Дышать стало труднее. Грудь плотно сдавило. Члены сложились в позу младенца и больше не двигались. Что-то мешало; страх закрался в мозг. Я пытался порвать черноту, что пеленала меня, сковывала, подчиняла. В рот полилась какая-то гадостная жидкость, я захлебнулся в бессилие. Лёгкие искали воздух, пытались освободиться от инородного тела, но бесполезные спазмы ни к чему ни привели. Зато в сознании происходили непонятные пока, неведомые изменения. Всё перемешивалось: какие-то обрывки памяти, картинки, мысли лихорадочно сталкивались, исчезали, вырастали. Наконец-то организм подчинился, мышцы рук напряглись, и я выскочил из ванны. На пол полилась хлорированная вода. Меня стошнило.

Наручные часы быстро тикали, стрелки неминуемо и неумолимо отсчитывали секунды. Я опять опаздывал. Рядом неслись серые машины и проплывали серые дома. Под ногами мелькал серый асфальт, я старался идти быстрее, почти бежал. Я был зол на себя, потому что вчера пытался покончить самоубийством, но не получилось. Это было глупо заставить себя захлебнуться в ванной. Энергия внутри меня искала выход, но не находила той заветной двери, что привела бы к решению.
  
-Ты опять опоздал. Ты знаешь, что это уже твоё пятнадцатое опоздание, я не намерен больше терпеть. Ты уволен.
-Но… У меня есть уважительная причина. Просто меня сейчас по дороге обокрали, - я виновато улыбнулся, хотя энергия переполнила меня, и я с трудом сдерживал её мощный поток. – Вытащили паспорт, деньги и ключи. От квартиры.
Начальник, этот слюнявый жирдяй, критически осмотрел меня и бесстрастно сказал.
-А мне какое дело. Вы уволены.
-Нет. Вы наверное, не понимаете меня только, что обокрали, поэтому я задержался, - с трудом улыбаясь, проговорил я. Меня он начинал бесить. Почему же он не понимает меня?
-Вам указать, где дверь?
-Вы не можете уволить меня…
-Интересно, почему же? Вы обратитесь в милицию? – рассмеялся толстыми, кривыми губами.
-Замолчите, а то я…
-А то, что? Что ты мне сделаешь? Вы ничего не можете… - окончание предложения потонуло в смехе. Он жутко хохотал, а жир на отвисшем подбородке колыхался вместе с ним, как желе.
Что-то замкнулось в сознании, пришло в движение. Я выпрямился во весь рост.

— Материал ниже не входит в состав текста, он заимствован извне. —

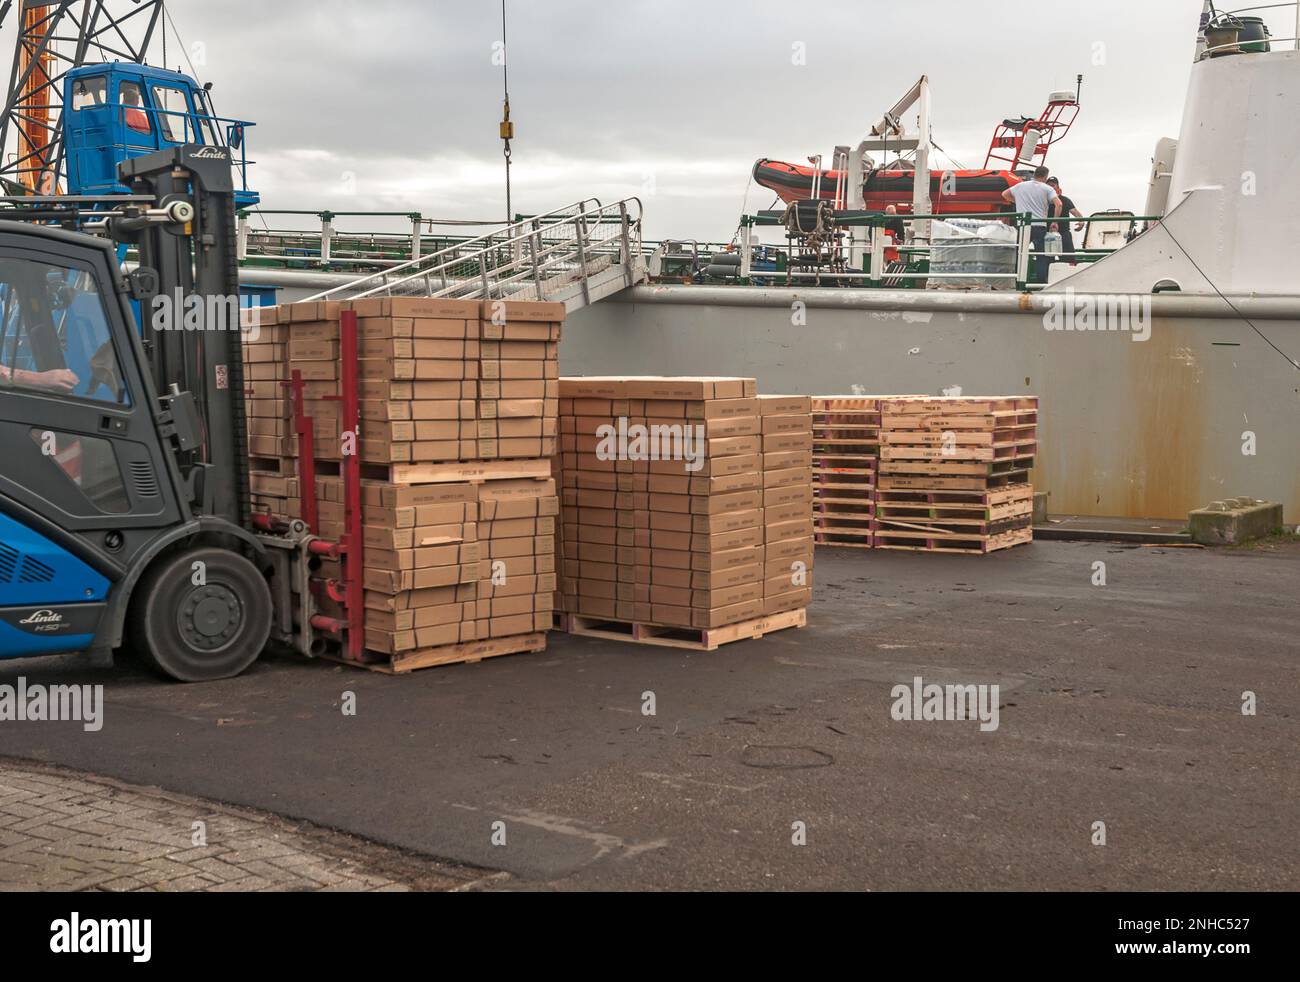 forklift loaded with frozen packs of fish on the quay Stock Photo

Бледные губы пролепетали охрипшим от гнева голосом.
-Я могу всё..
-Что вы сказали? – давясь от смеха, сказал он.
Два передних зуба уборщица потом замела под шкаф, и они пролежали там ещё десять лет, пока компания не развалилась, а всю мебель не распродали на погашение долгов.
Теперь я шагал бодро и крепко по аллее. Коллеги дивились моему смелому поступку, они признались, что никто и никогда бы не смог сделать этого. Сквозь изумрудную листву пробивались яркие столбы живого света, в них жирными, белесыми хлопьями плавала пыль и бесконечный тополиный пух. Затем он сбивался толстыми волнами у бордюров, вкупе с остальным мусором, терял природную белизну и становился серым, как и всё вокруг. Хмурые, небритые дворники мрачно шкрябали асфальт нелепыми пучками веток, связанных вместе на длинной палке. Нахлынула предгрозовая свежесть, оживила убитые лёгкие, остудила чуть-чуть и выпала в виде дождевых осадков. Из слуха исчезли глупые  разговоры, гудки машин потонули в бурлящих лужах, городской гул спрятался под кроны деревьев, но небо нашло его там и швырнуло пару сотен капель прямо в лицо; он решил спрятаться под крышей, а небо пыталось пробить и крышу. Капли буравили ненавистный асфальт, бешено молотили в окна, умывали стены. Всё менялось после пришествия воды с неба, мир как будто делал новый поворот: предметы приобретали новый характер, серый асфальт темнел, отражая неясными образами уличные фонари и светофоры.              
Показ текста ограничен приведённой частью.